On an episode of JRE, Joe Rogan asks Matt Walsh the following question (quote is not exact but the sense of the question has been extracted),

“Why does God make people gay in the first place if He did not want them to engage in gay sex?

If that’s like their fundamental attractiveness, if they are fundamentally attracted to other men, it seems like something God gave them. Why would you be attracted to the same sex if that was morally reprehensible… if that was against God’s will?

Why would He instil that lust and that desire…that feeling of being attracted and that feeling of being in love with the same sex

Why would God create gay people? has God created these people and do they have a choice?”

These are a lot of different questions packed into one and the phrasing contains some fundamentally wrong assumptions about God as well as a lack of understanding of Christian doctrinal beliefs.

This is not said to insult Joe, on the contrary, his willingness to engage in discussions with people he does not agree with is a rarity in this day and age, something for which he should be applauded. Moreover, he is not a Christian so should not be expected to understand what Christians believe.

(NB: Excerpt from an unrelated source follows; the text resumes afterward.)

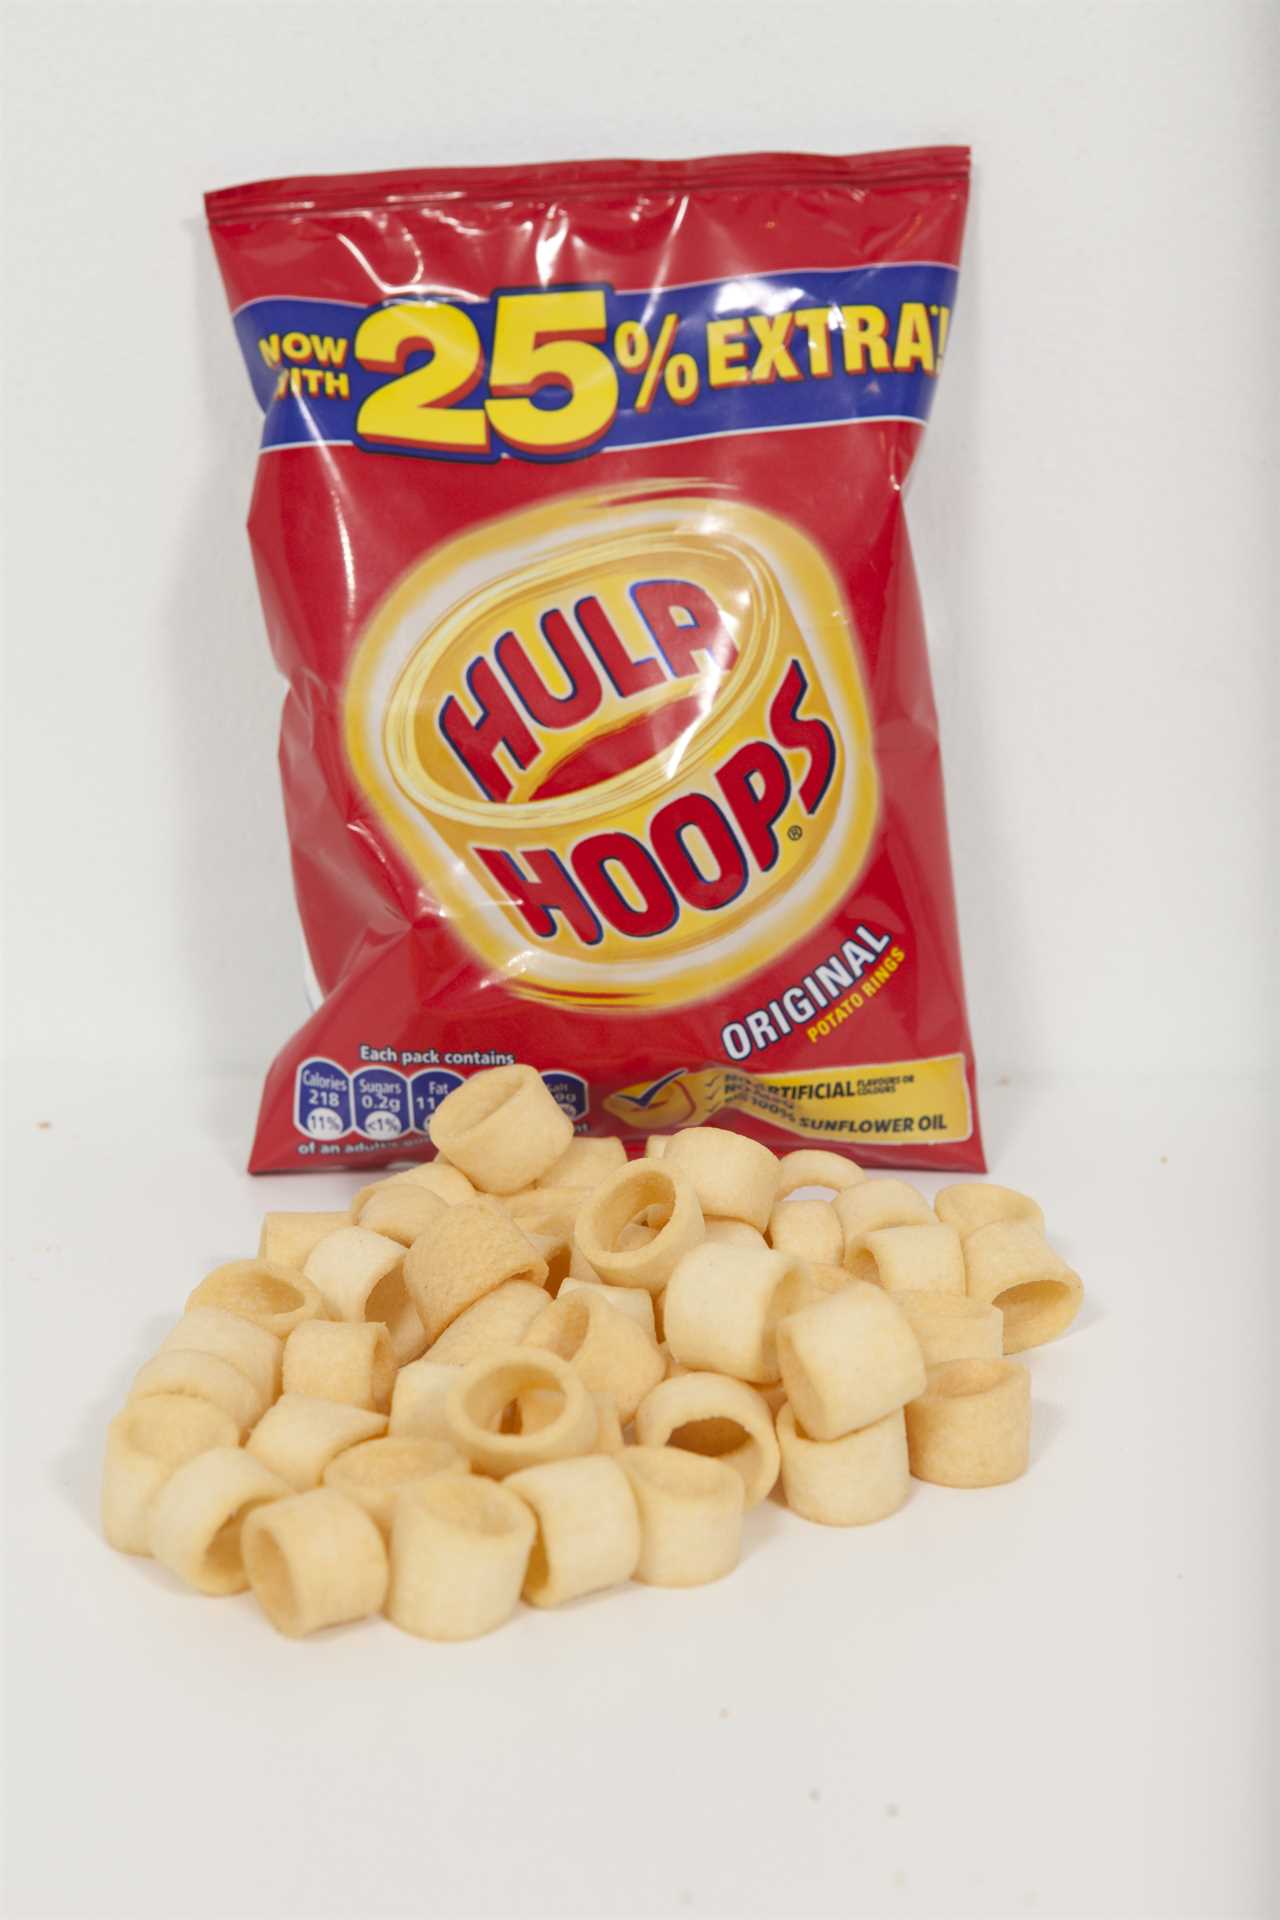 Long Covid sufferer ‘told eating Hula Hoops can ease debilitating heart condition’ as docs warn of tide of new cases

We have to break this question down into chunks.

  1. Why does God make people gay in the first place if He did not want them to engage in gay sex?

The fundamental of the Christian faith which is the gospel works on the assumption that man, because of sin, is at loggerheads with God, His will and His purposes.

Adam, man’s progenitor, disobeyed God and as a result, both himself and his descendants stand in rebellion against God. This is the origin of sin, as Paul writes,

“Therefore, just as through one man sin entered the world, and death through sin, and thus death spread to all men, because all sinned…”

(Romans 5:12)

As a result of this sin, man’s very nature is fundamentally changed and is in constant opposition to God’s will,

Because the carnal mind is enmity against God; for it is not subject to the law of God, nor indeed can be. So then, those who are in the flesh cannot please God.” (Romans 8:7–8)

The very opposition to God’s will is what a man is in His natural state. All have one way or the other sinned and fallen short of God’s perfection,

for all have sinned and fall short of the glory of God”

(Romans 3:23)

So the narrative is really not God making people a certain way and giving them urges against His will and then prohibiting them from acting on it, it is actually one of people naturally having urges that are contrary to God’s will due to their inherently sinful nature.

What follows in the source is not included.